Ja, so geschehen bei meinem Jäger mit Angelskill 150 oder so 
Und zwar so geschehen im Schattenhochland (Heissts so? Zu lang nicht mehr gespielt  Letzte Levelzone jedenfalls)


----------



## Throgan (30. Mai 2011)

Ich hab n halben Tag im Sholazar Becken geangelt.....vor Cata^^

aber es scheint angepasst worden zu sein:



> Fischt ein Meeresschildkröte-Reittier aus einem beliebigen Fischschwarm in Tiefenheim, dem Hyjal, dem Schattenhochland, Uldum oder Nordend.


----------



## madmurdock (30. Mai 2011)

Ah, gut zu wissen. Könnte man ja mal das Gildenachievement für das Rezept angehen.

Btw, gibts 90 Int Fische irgendwo? Die 90 Agi Fische lassen sich afaik nur in Tol Barad angeln, was zum einen wegen des fehlenden Flugmounts und zum anderen wegen des PvP Faktors mehr als mies zu farmen ist.
Was lohnt denn da? 90 STR Buff Food gibts ja durch die Kroko Q in TB viel zu viel, zumal es auch noch (DER!) Kuerschner Spot ist. Man will ja fuer die Plackerei jedenfalls noch ein wenig Gold machen.


----------



## KaiAllard (30. Mai 2011)

Angel halt einfach Fische, die du auch fuers Drachenfestmahl brauchst.... 2 Fliegen mit einer Klappe und so...


----------



## madmurdock (30. Mai 2011)

KaiAllard schrieb:


> Angel halt einfach Fische, die du auch fuers Drachenfestmahl brauchst.... 2 Fliegen mit einer Klappe und so...



Ist das nich BOP? Ich werd ja kaum 100e Drachenmal Dinger verbrauchen.


----------



## KaiAllard (30. Mai 2011)

Hoi,

Klafteraal und Hochlandguppy gibt es in Schwärmen.
Das Festmahl ist BoP, ja. Pro Festmahl brauchst du je 2 Fische.
Je nachdem wie oft Ihr so wiped, wie oft Ihr raidet usw. kann man da schon einige Festmahle verbraten 
Soll auch Leute geben, die dann so Fische in die Gildenbank legen damit auch andere bei eigener Raid-Abwesenheit Festmahle stellen können 

Aber ja - alle zig-tausend Schwärme nur das Zeugs fuer das Festmahl angeln ist vielleicht doch etwas viel.
Int-Bufffood gibts leider nicht in Schwärmen - genauso wenig wie Mastery-Bufffood - Somit sind Pala Tanks+Holy immer die gearschten 

Muss man halt man schauen was das lokale AH so hergibt - wird ja auf jedem Server anders sein.

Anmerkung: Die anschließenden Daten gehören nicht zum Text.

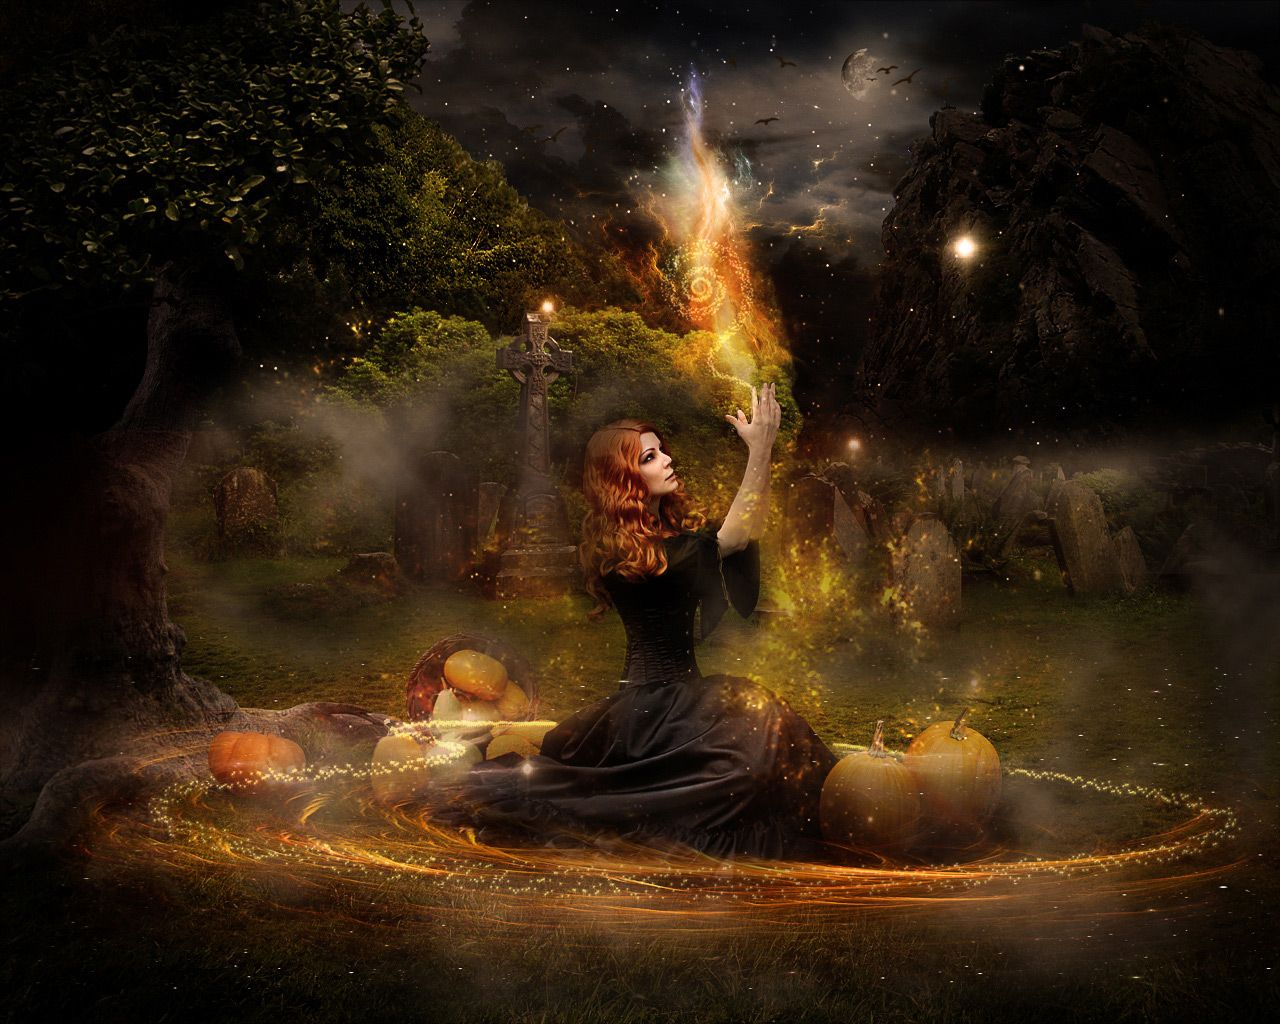 Witchcraft threatens spread of the Gospel.

PS: Meine natürlich Meeresfrüchtefestmahl Magnifique


----------



## madmurdock (30. Mai 2011)

KaiAllard schrieb:


> Hoi,
> 
> Klafteraal und Hochlandguppy gibt es in Schwärmen.
> Das Festmahl ist BoP, ja. Pro Festmahl brauchst du je 2 Fische.
> ...



Na super, ergo gibts nix sinnvolles ausser evtl Festmahl Mats ins AH zu stellen, wobei da die Abnahme auch wieder zweifelhaft ist auf meinem Gammelserver.


----------